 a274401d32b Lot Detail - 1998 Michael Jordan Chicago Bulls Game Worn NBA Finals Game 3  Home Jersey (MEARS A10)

--

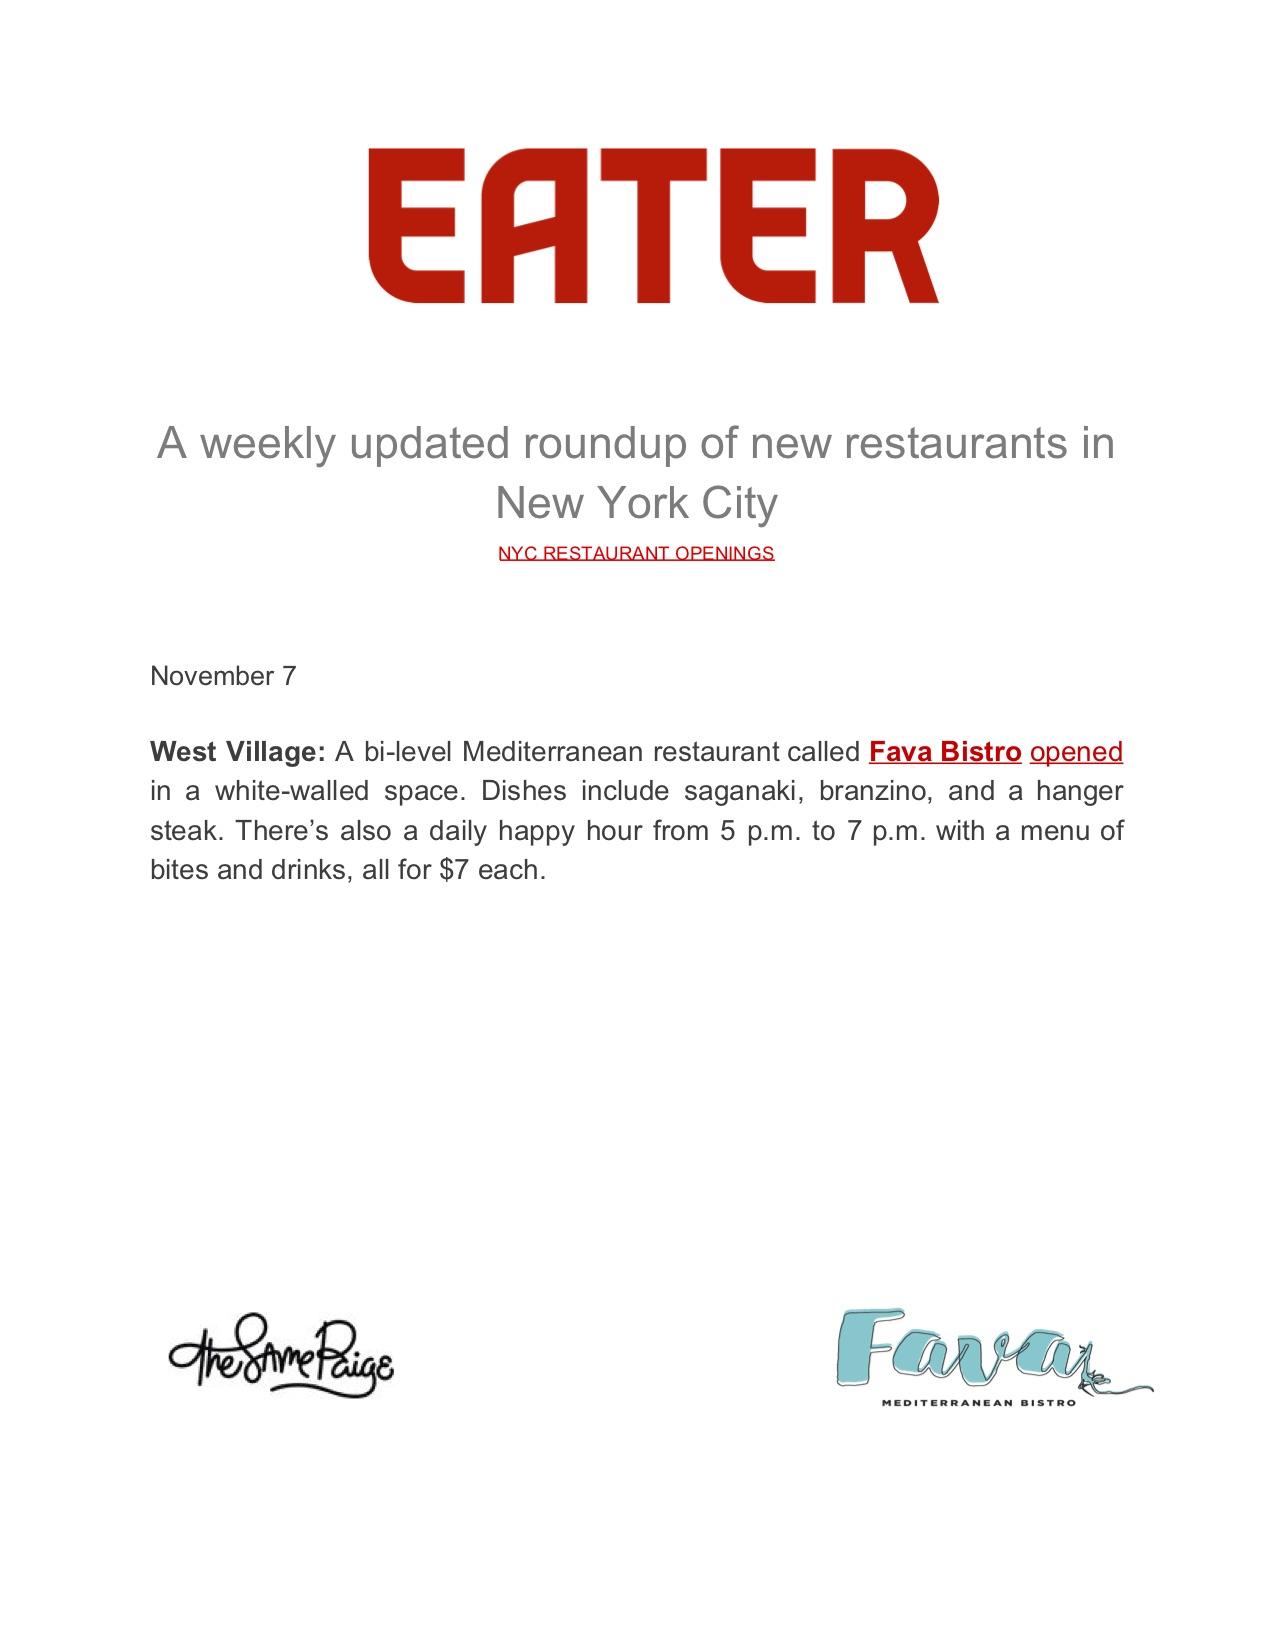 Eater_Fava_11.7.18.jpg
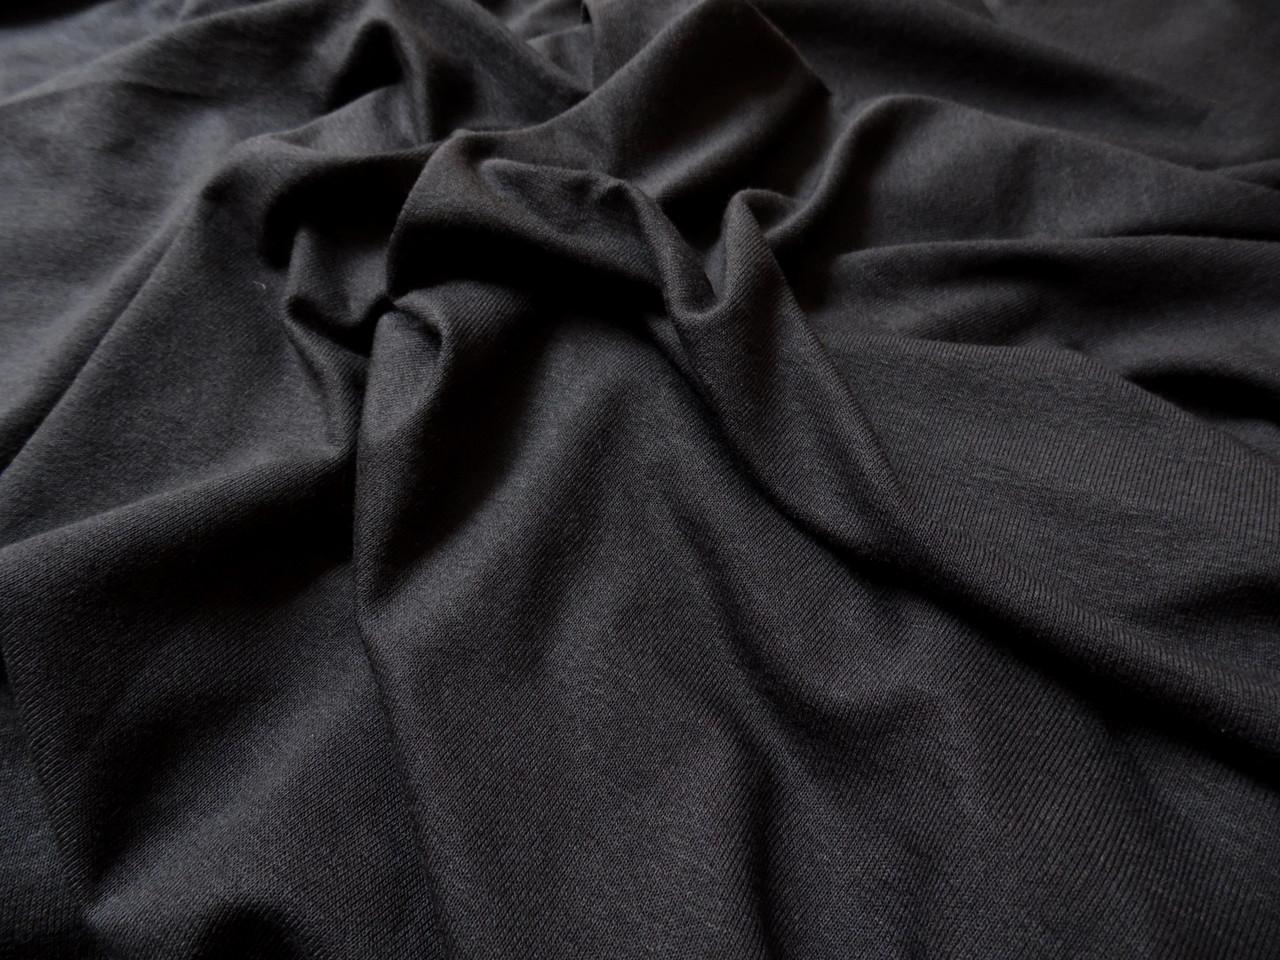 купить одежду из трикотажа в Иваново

==

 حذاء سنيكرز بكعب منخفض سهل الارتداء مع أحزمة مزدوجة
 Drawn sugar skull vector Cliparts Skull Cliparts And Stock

What to produce: Only one part of the material above is to be transcribed, namely the lines starting with the line that has "حذاء سنيكرز بكعب" and going on through the line that has "Drawn sugar skull", exactly as they stand.

Your solution:
 حذاء سنيكرز بكعب منخفض سهل الارتداء مع أحزمة مزدوجة
 Drawn sugar skull vector Cliparts Skull Cliparts And Stock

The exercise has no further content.